■ **Task objective**:
With the images excluded, set down every line of the listing below exactly.

■ **Supplied data**:
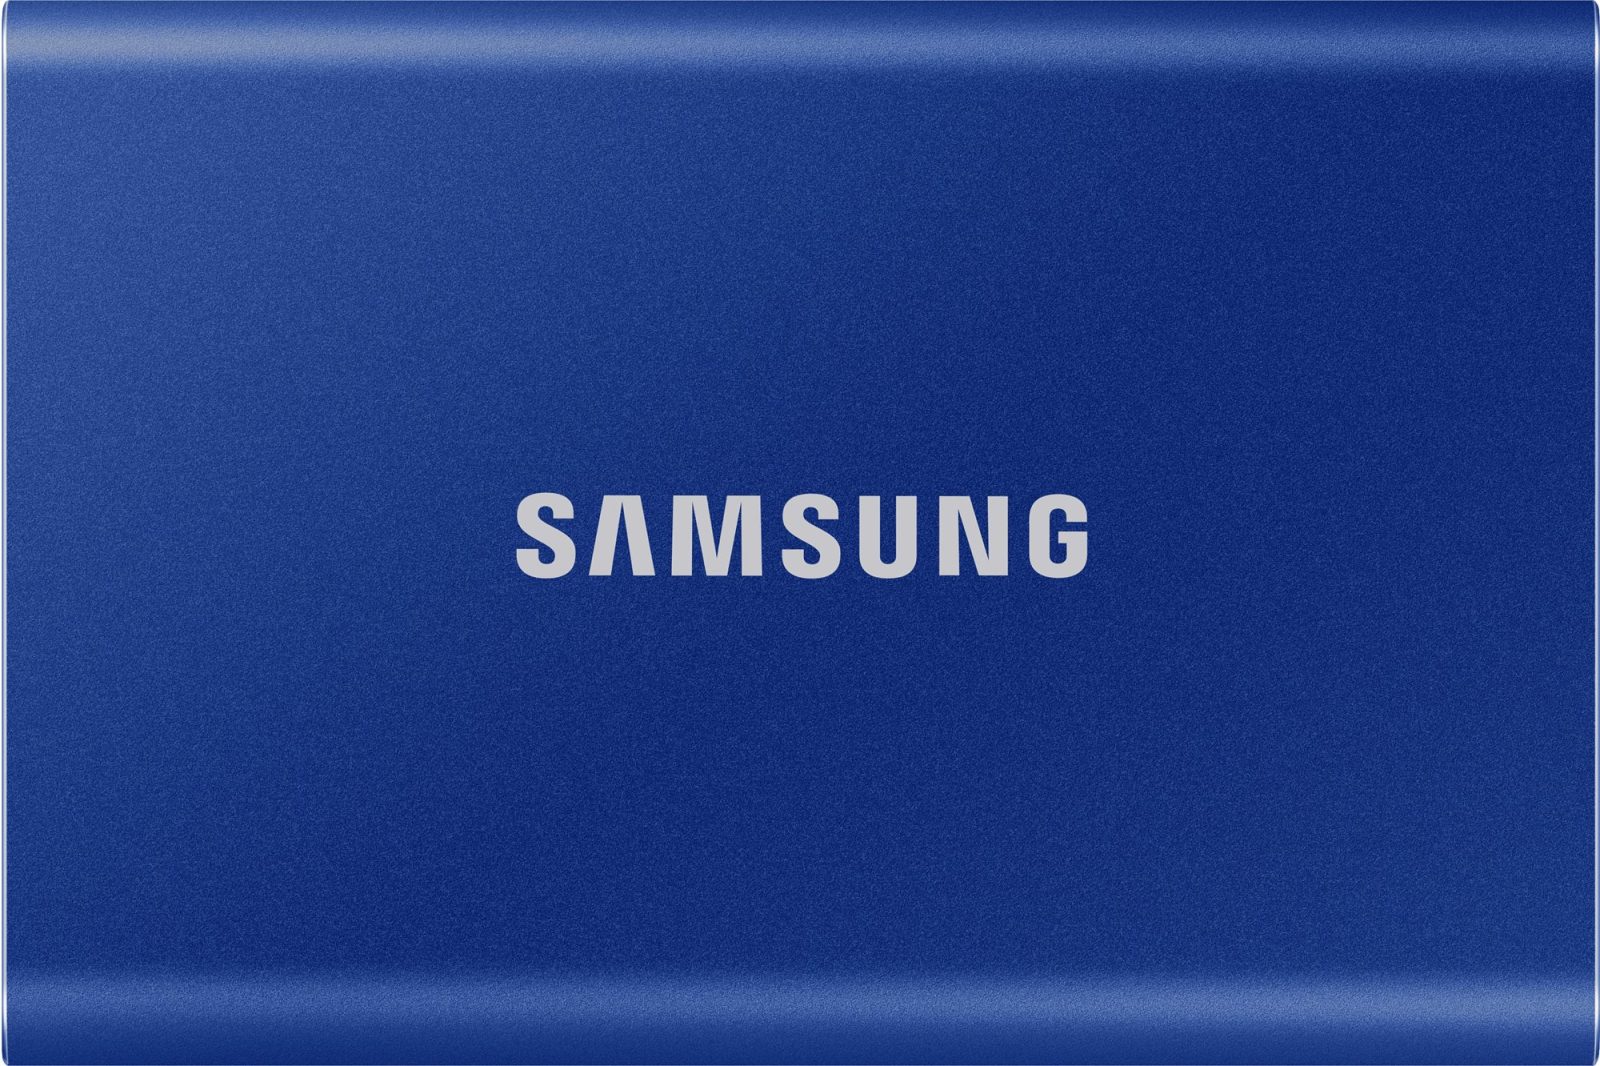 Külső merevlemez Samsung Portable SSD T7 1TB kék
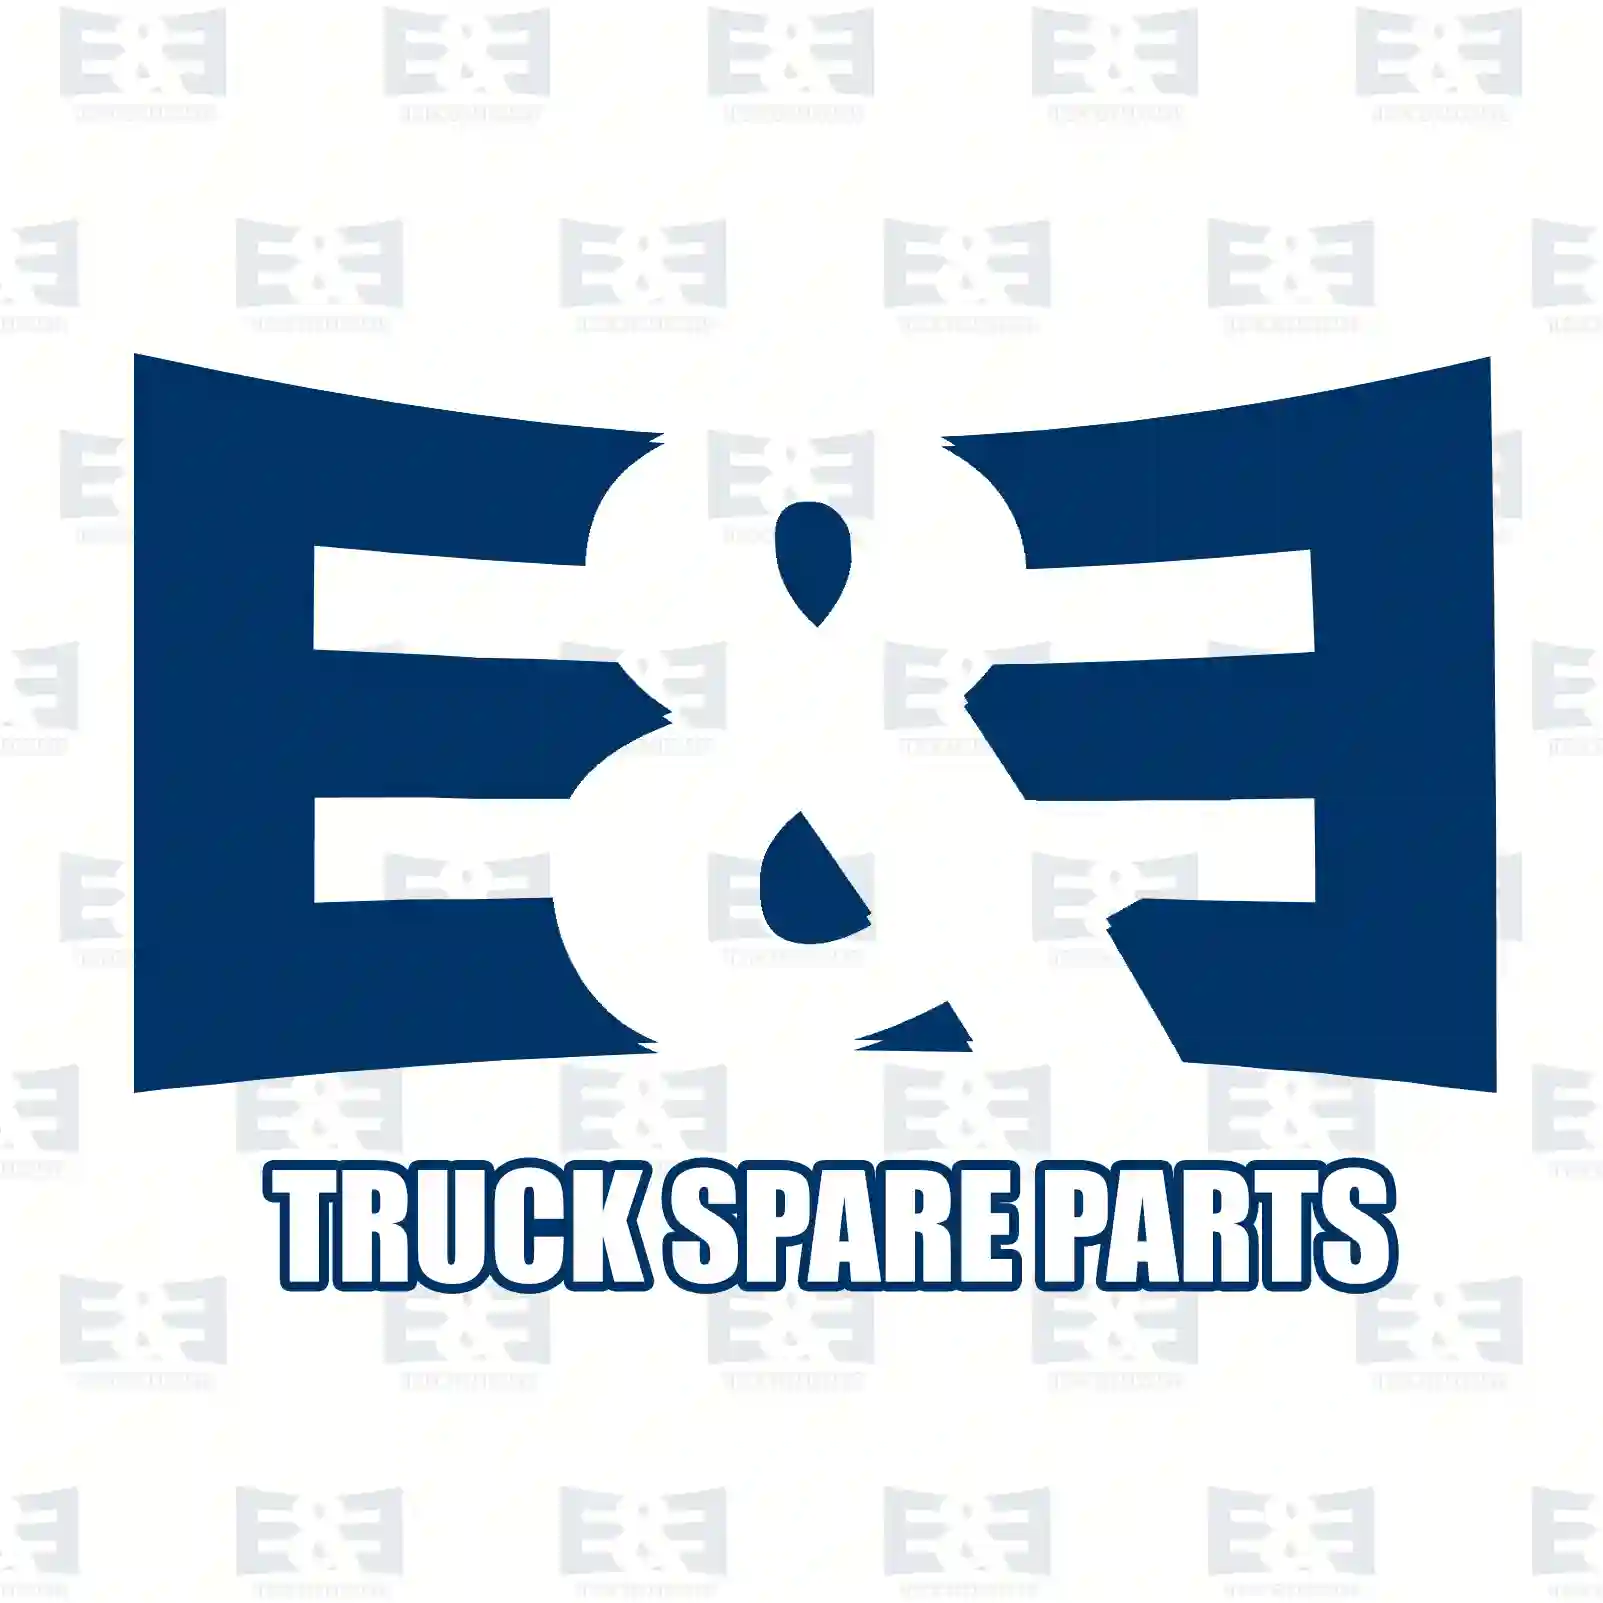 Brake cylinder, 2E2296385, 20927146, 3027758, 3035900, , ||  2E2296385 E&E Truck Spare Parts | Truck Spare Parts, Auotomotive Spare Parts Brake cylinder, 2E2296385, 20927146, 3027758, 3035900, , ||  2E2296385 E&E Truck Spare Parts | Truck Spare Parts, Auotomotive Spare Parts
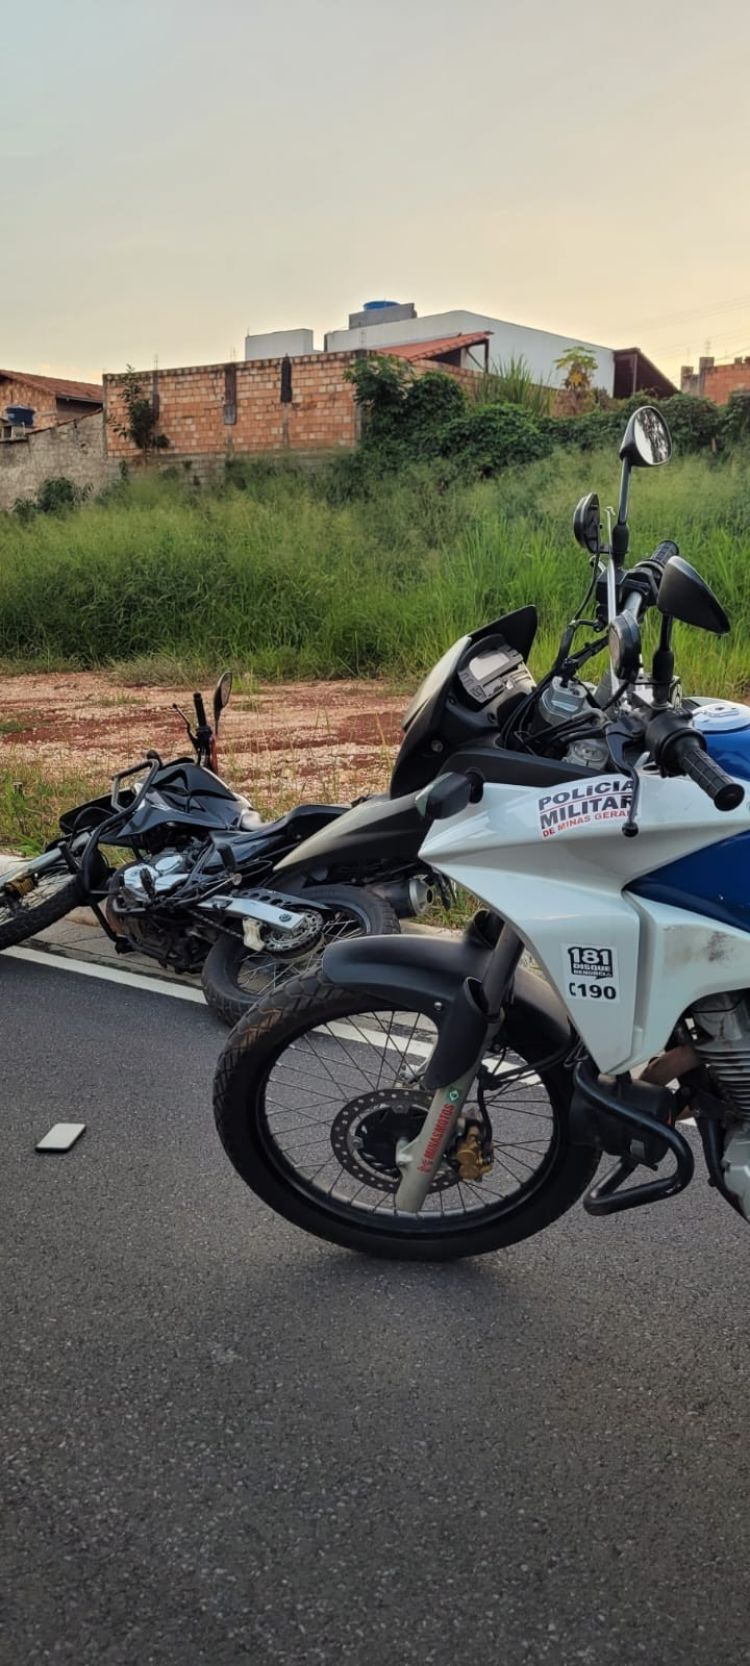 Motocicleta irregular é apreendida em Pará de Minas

■ **Answer space**:
 Külső merevlemez Samsung Portable SSD T7 1TB kék
 Brake cylinder, 2E2296385, 20927146, 3027758, 3035900, , ||  2E2296385 E&E Truck Spare Parts | Truck Spare Parts, Auotomotive Spare Parts Brake cylinder, 2E2296385, 20927146, 3027758, 3035900, , ||  2E2296385 E&E Truck Spare Parts | Truck Spare Parts, Auotomotive Spare Parts
 Motocicleta irregular é apreendida em Pará de Minas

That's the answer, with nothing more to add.